Why it’s frustrating to talk to doctors

There are two basic problems that happen when you are speaking to doctors or other medical professionals about your health, and they are mirror images of each other.

The first problem is when the doctor needs to explain a complex condition and starts flinging jargon at you that is very confusing. It’s easy to get lost and confused.

The second problem is when the doctor explains everything from the most basic possible level even though you already have a lot of knowledge about the topic. In those cases, it’s easy to feel condescended to and resentful.

I don’t necessarily blame the doctors. They have to make assumptions about what you know and don’t know, and if they guess and get it wrong, they’ll either aim too high (confusing you) or too low (insulting you). Don’t just get frustrated. Tell the doctor what you need.
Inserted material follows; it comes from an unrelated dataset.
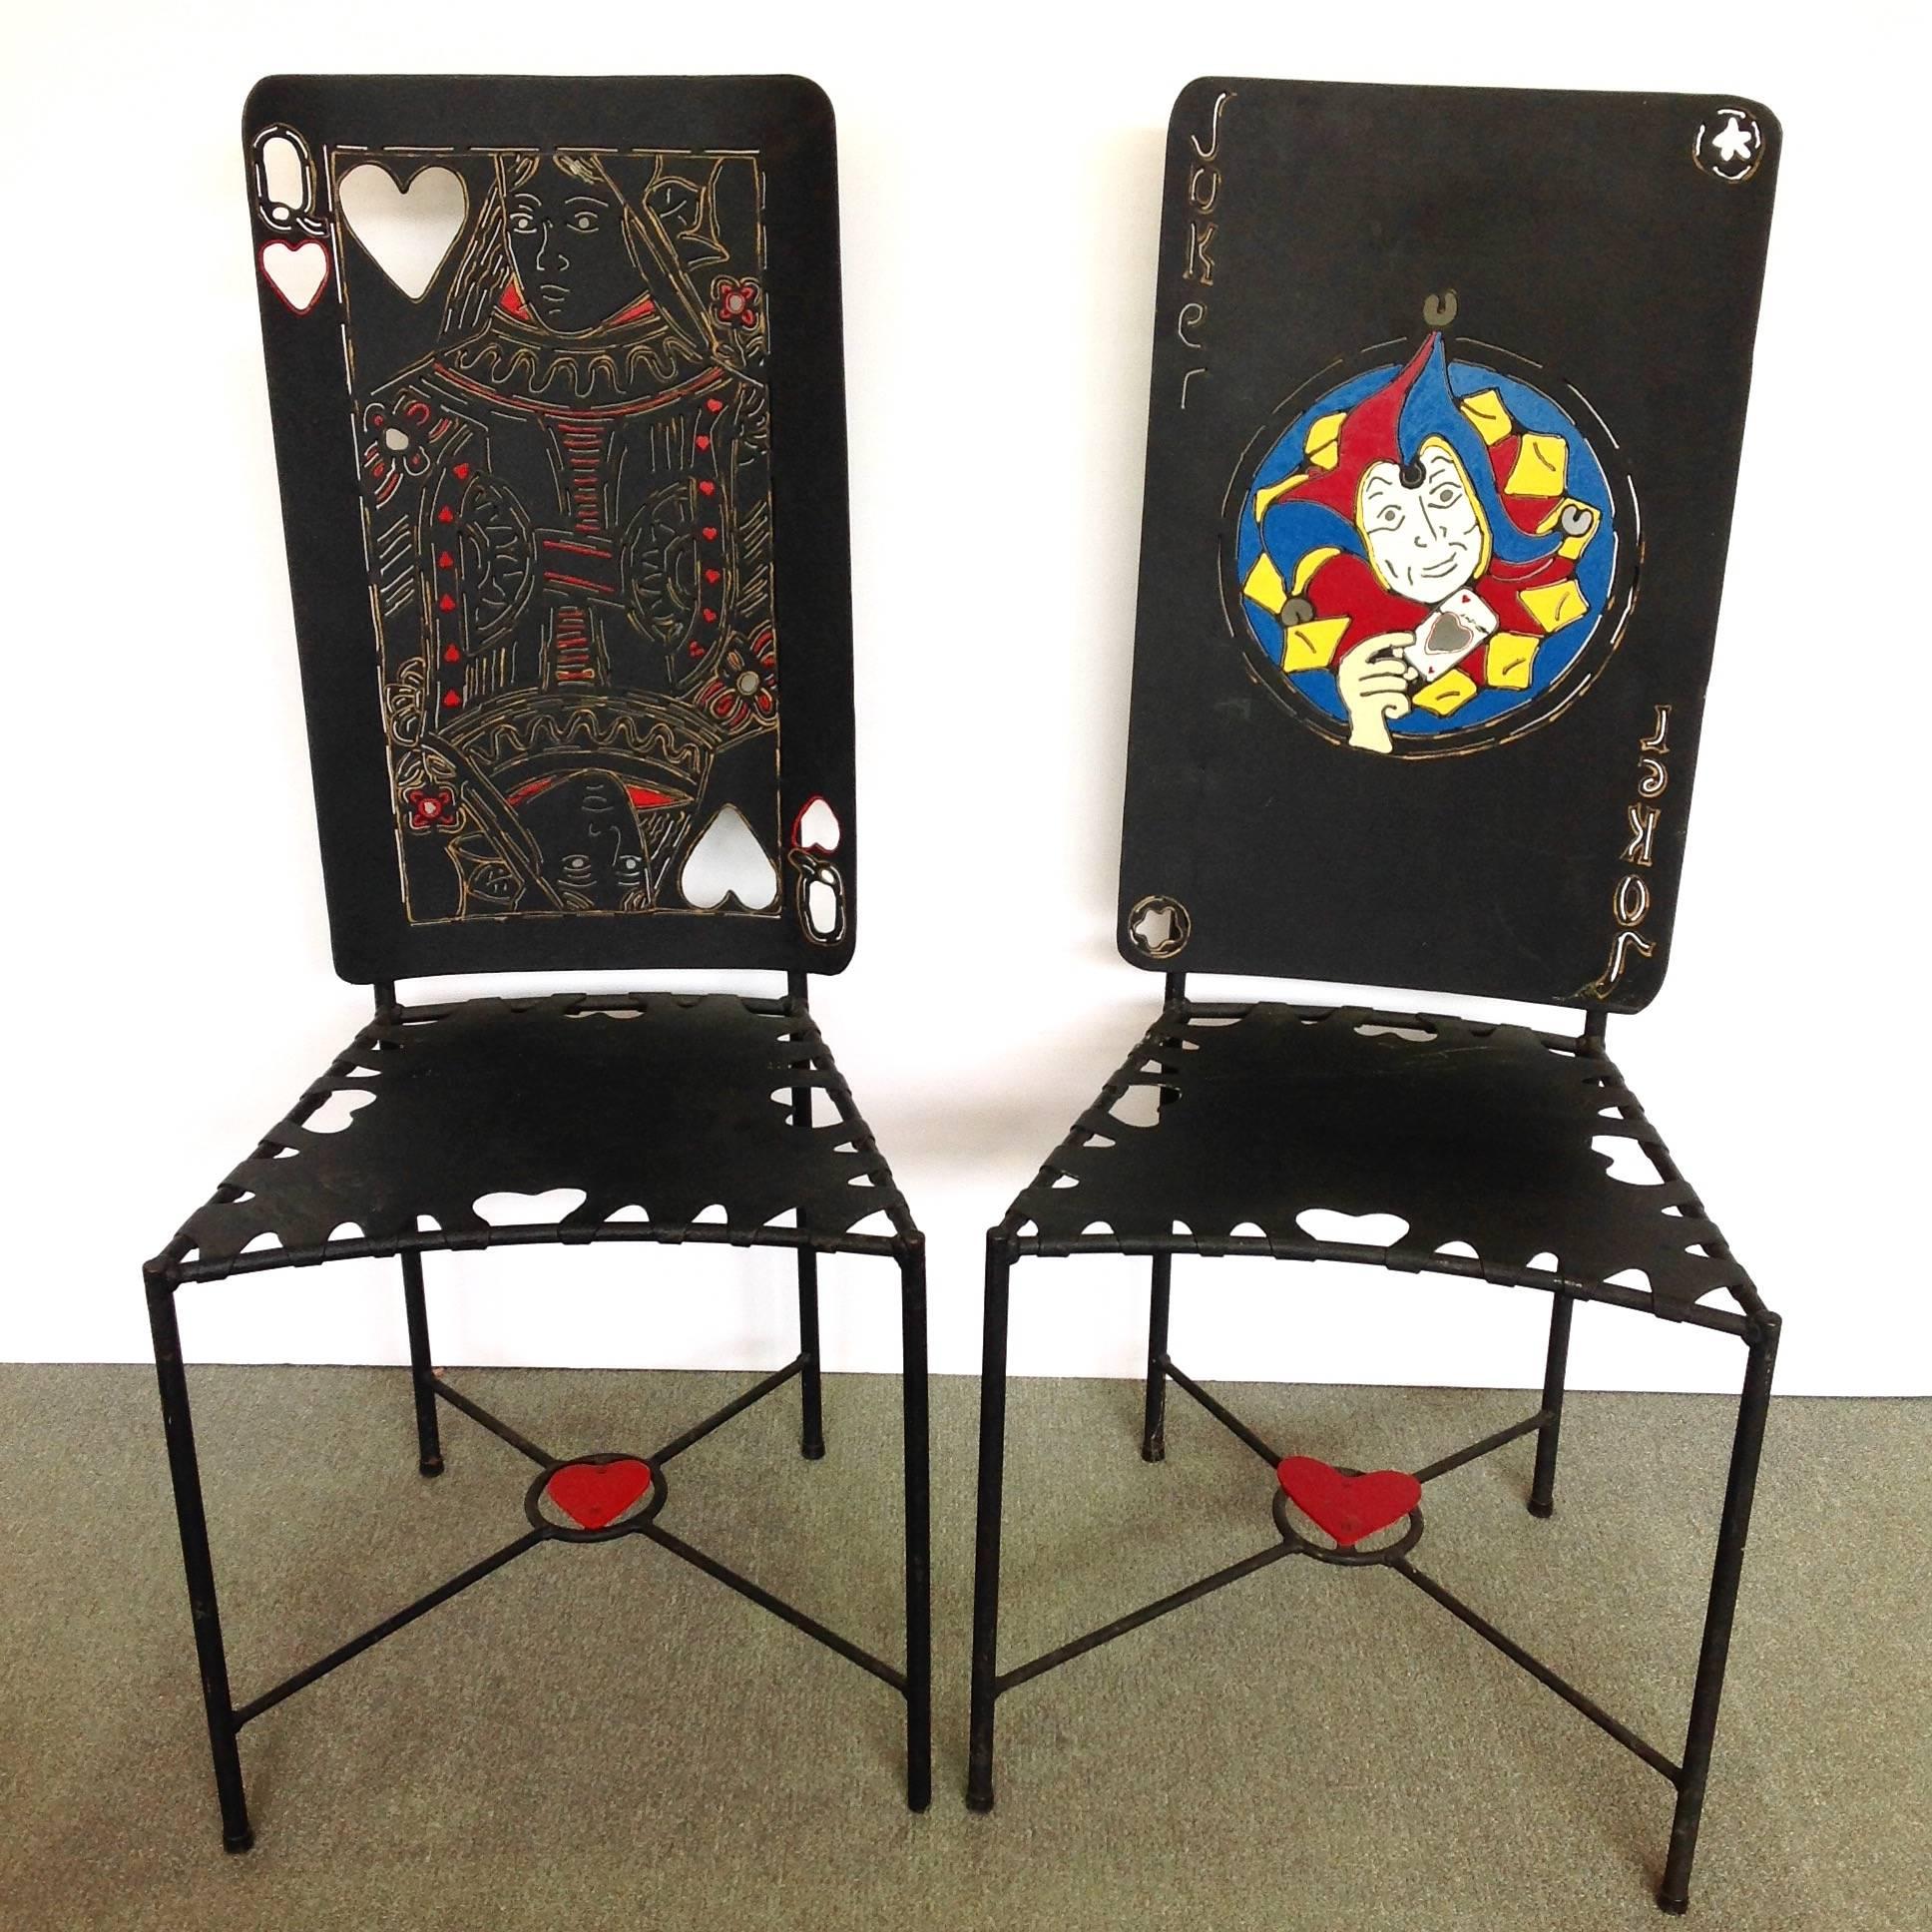 Handmade playing card iron chairs by Ries Niemi, depicting the Queen of Hearts and Joker. The design is both painted and pierced. Niemi worked in Bellingham, Washington in the 20th century.

Since I don’t like wasting time, I calibrate my conversations

You should enter every medical conversation after having googled the conditions or test results you’ll be discussing. You’ll also have information from your past experience with the condition, or with others who had it.
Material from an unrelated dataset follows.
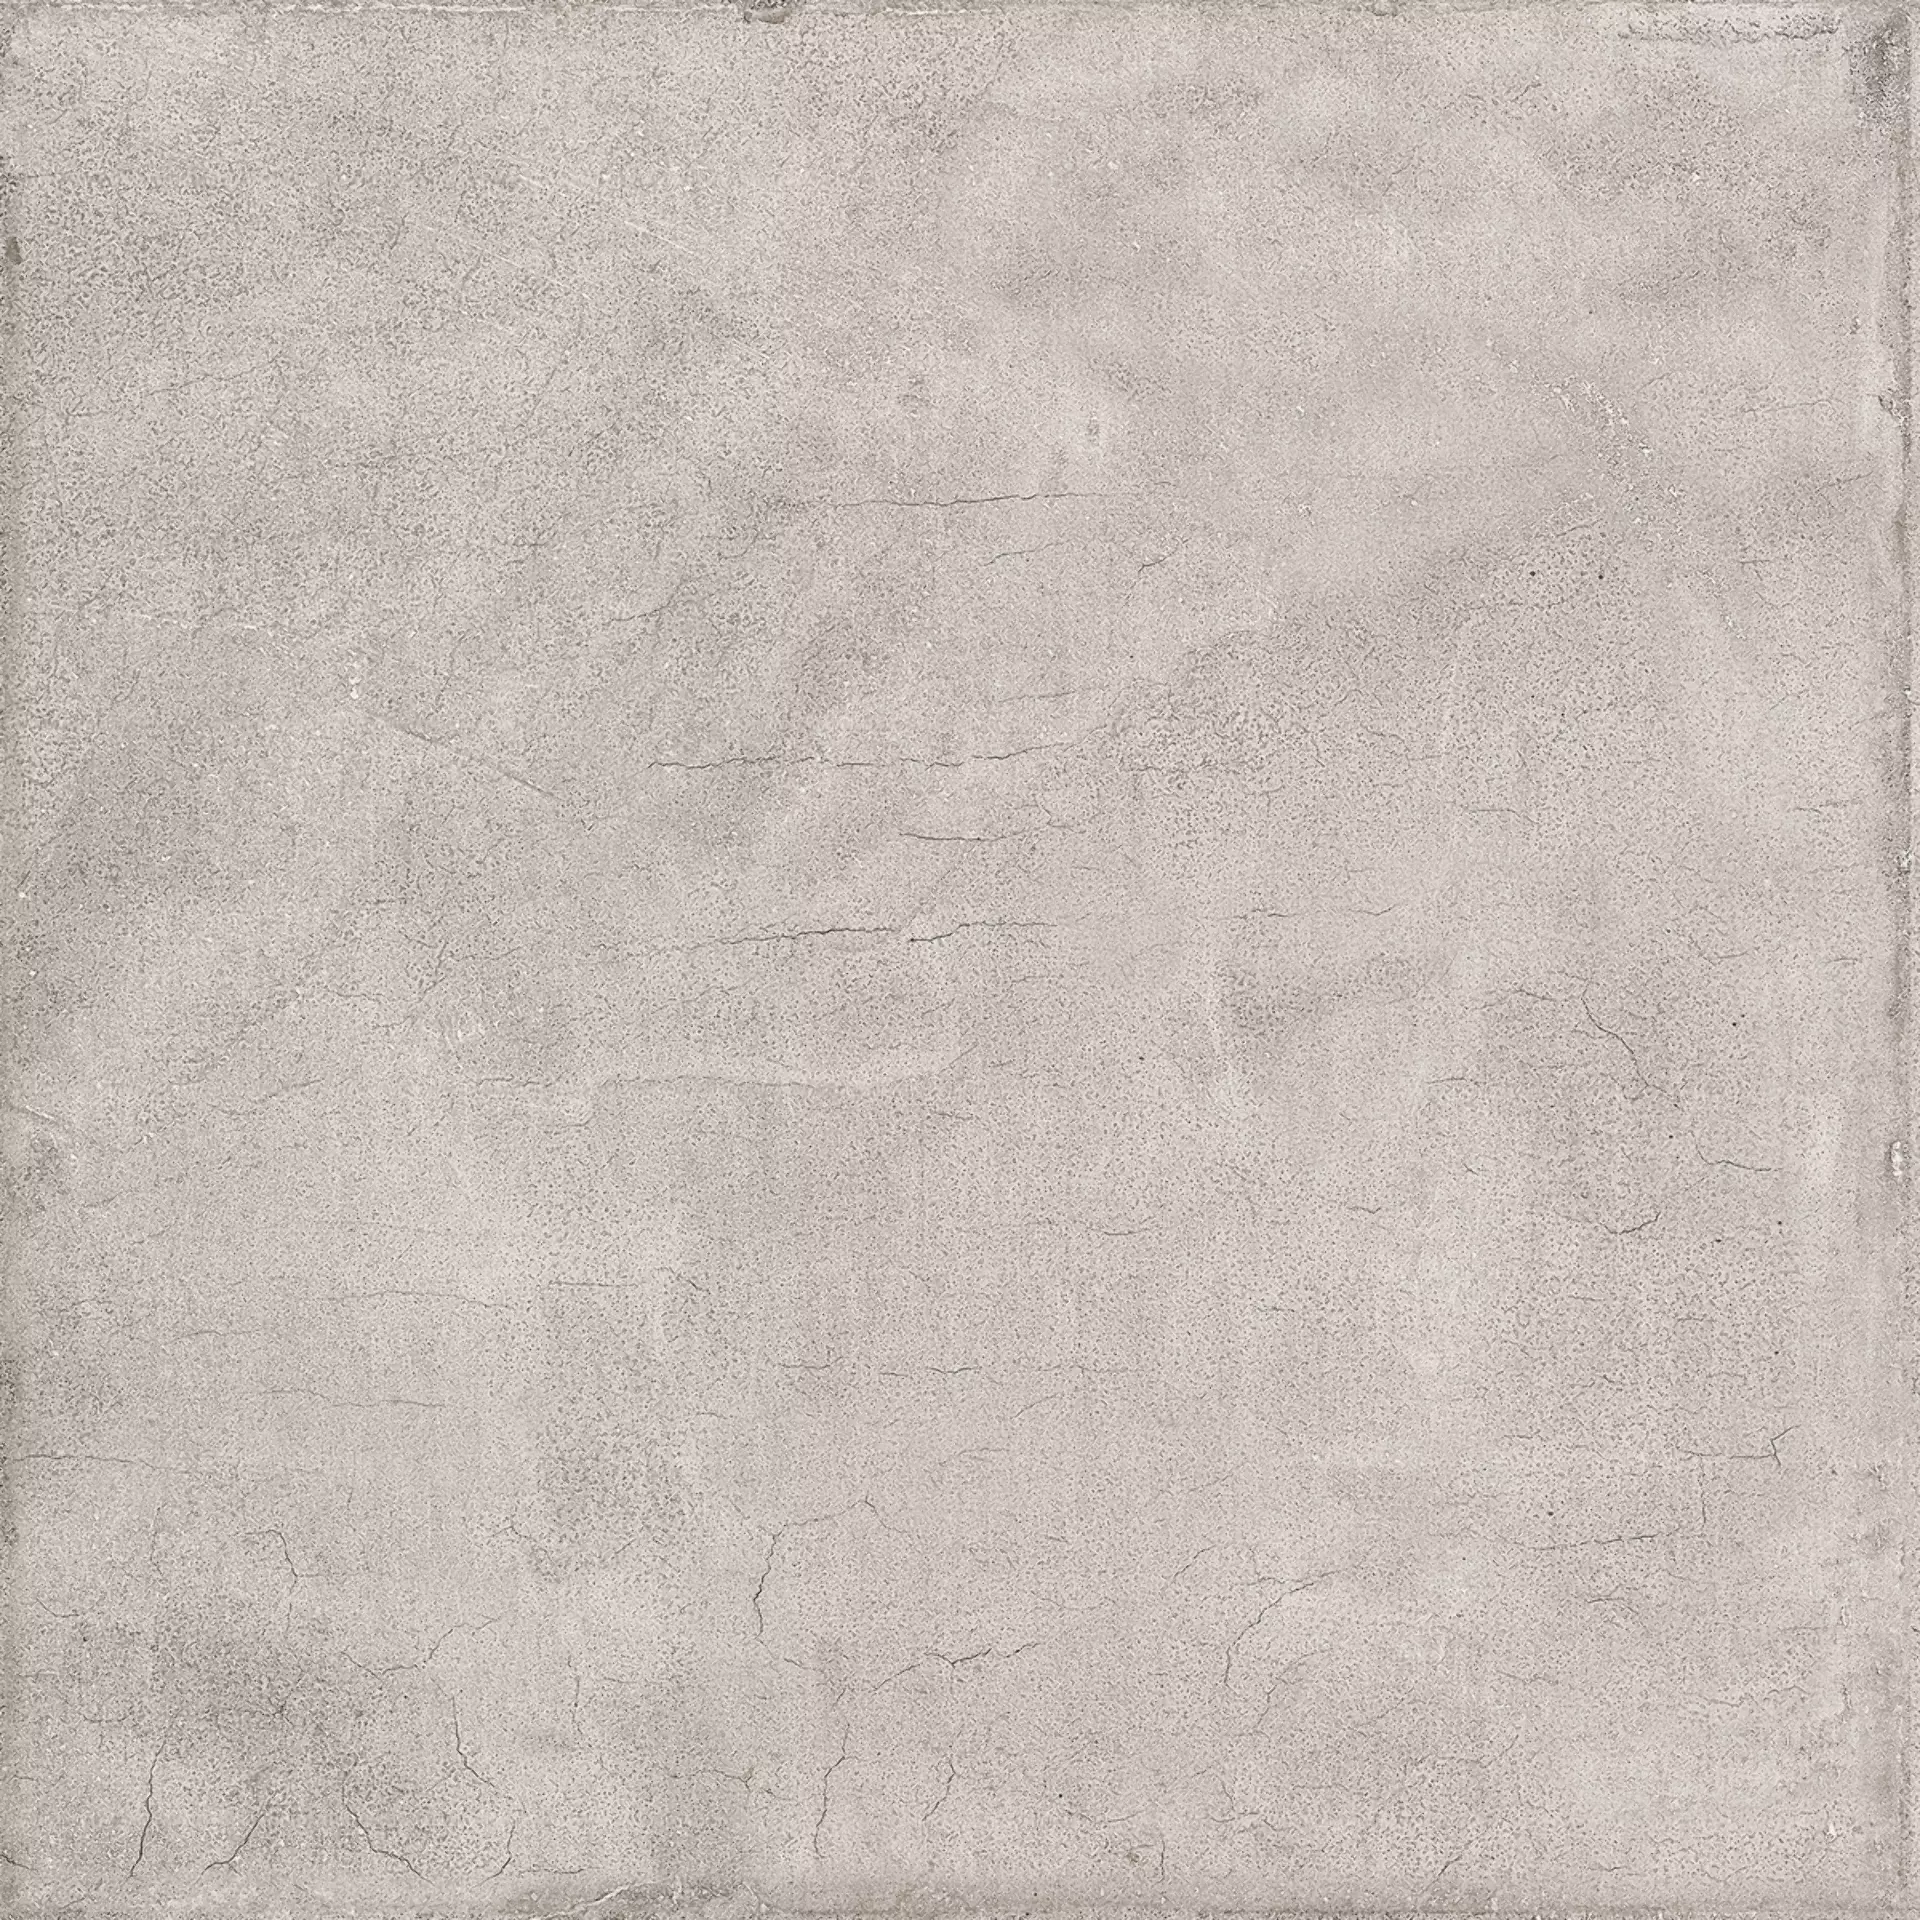 Sant Agostino Set Concrete Pearl Natural CSASCPEA60 60x60cm rectified 10mm

So tell the doctor what you know and what you’re looking for. For example, I’ve opened conversations with medical professionals this way:

  • I know we’re going to talk a lot about probabilities as we decide which path to take next. It may help you to know that I was trained as a mathematician and worked extensively with statistics in my work. So if you want to talk about probabilities, I’m in a good position to understand what you’re saying.
  • I’ve been on blood pressure medication for a while now. Here’s what the last two weeks of readings from my home blood pressure cuff have been, on average. Can you help me to understand your strategy for treating this will be and what goal we’re aiming for?
  • I see there is an out-of-range test results in my recent blood test. Here are some things that may have changed in my medical condition recently that might have something to do with that result. Do you feel this test result is problematic, and if so, what should we do about it?
  • I know you are likely to recommend changes in diet and exercise. I’ve been working with a talented dietitian and I walk an hour a day at least four days a week. I’ve also lost about 20 pounds in the last year on that regime. Based on that, what do you think is the best strategy?
  • What specifically changed since last year that caused you to recommend treatment rather than “active surveillance?”
  • It appears there are two main treatments for my condition. Can you explain the main pros and cons of each treatment and which one you recommend?
  • I’m seeing you after a back injury. Here is the pattern and location of my pain and the medication I’m taking to manage it. I’ve had this problem many times over the years. I’m specifically looking for exercises that can strengthen my core to help me recover more quickly and avoid future recurrences.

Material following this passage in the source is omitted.